Being an angel investor in bubbly times

A friend of mine has a risky new startup. He was able to secure angel funding recently and I asked him on what terms. “It is a convertible note that will turn into shares at the same price as the Series A investors, plus a 20% share bonus.” In other words, if the company navigates its way through all of the risk that afflicts a startup’s first few years the investor will buy in at almost the same price as the professional venture capitalists who waited for the concept to be proven with customers and proven to be executable. Given that venture capital in general returns about the same as the S&P 500, such an investment should only be sensible if there is at least an 80 percent chance of the startup making it all the way through to Series A ($2-10 million in VC money).

The other seed funding rounds that I’ve heard about are happening at valuations of around $3 million pre-money. That’s a lot more value put on a team of three 25-year-olds than in most years.

Aside from sky-high valuations, another obstacle to earning a good return from a venture capital investment is the recent increase in tax rates. Tax law changes, including the Obamacare surtax, mean that capital gains that formerly faced a federal tax of 15 percent are now taxed at 23.8 percent, a 1.6X increase in the amount of investment profits that will feed the federal government instead of the investor and his or her family. And unlike with an investment in the S&P 500, the angel investor does not get to choose when to take a capital gain or loss. The company will either fail or be acquired on a schedule that cannot be controlled. (There are possible exemptions from capital gains tax for qualified small business stock investing, but it seems hard to predict whether or not one will in fact qualify (see this article).)
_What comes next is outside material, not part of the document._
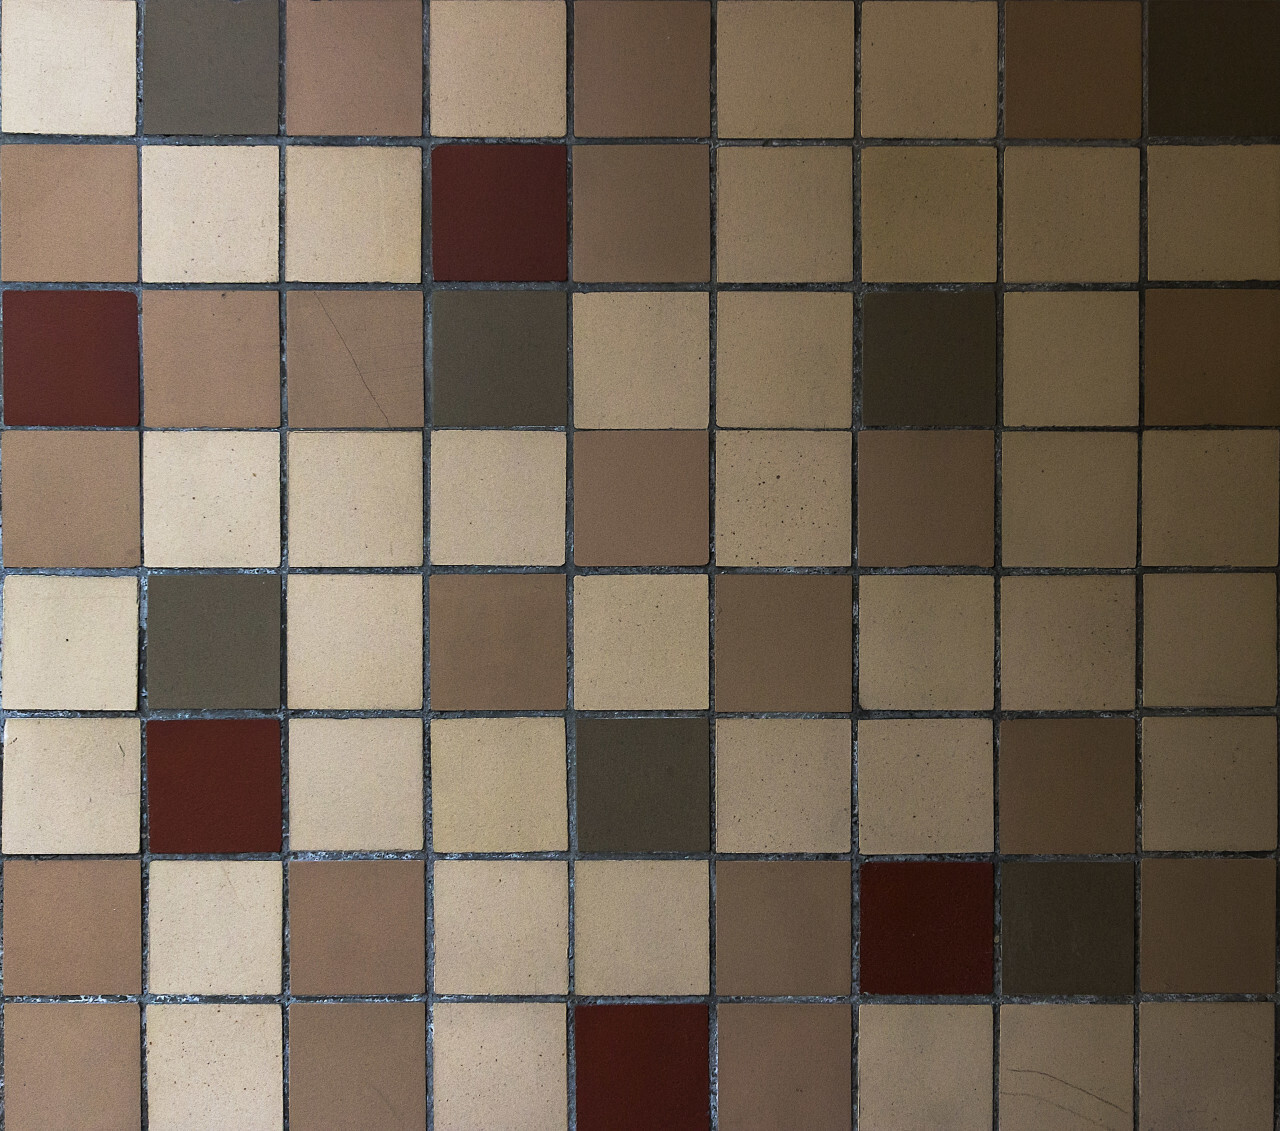 Slate tile ceramic seamless texture

I wrote about what a bad deal angel investing was back in June 2010 (posting) but the terms seem worse today.

What do readers think? Is the world of tech startups in a bubble? At the valuations and on the terms angel investors are offered, why isn’t it better to invest in big companies that can profit from the growth of robust economies around the world?


  1. Jim

    December 4, 2013 @ 10:21 pm


    You might be correct in your financial analysis, but I don’t think you are accurately identifying the motives of an angel investor. From Wikipedia: “Angel investors are often retired entrepreneurs or executives, who may be interested in angel investing for reasons that go beyond pure monetary return”.

  2. John

    December 5, 2013 @ 1:26 am


    How much did he raise, and from whom? A seasoned fellow should be able to raise $250-750K on any terms he likes, but sounds like you’re describing an uncapped note: popularized by Paul Graham/YCombinator and generally a hard sell outside of that clique.

    Following the first tranche of friends/family/previous biz partners, most seed deals in the Valley occur at a $4-6M valuation, or a 20% discount to the A round with a $5-8M valuation cap. Seed funds are lately pushing for equity rather than debt, but you can get the deal done either way. Most companies currently need to actually build a product and demonstrate some traction, but a stellar team (multiple $50M+ exits) or a stellar salesman can still get the seed round done with a napkin and a good story.

    Regarding value for money, I know many angels who have crushed S&P returns over a 10 year period, usually with 1-2 big hits but occasionally 3-5 small ones. Typically on a pool of 20-50 investments. Might as well gamble in your area of expertise, as most angels do.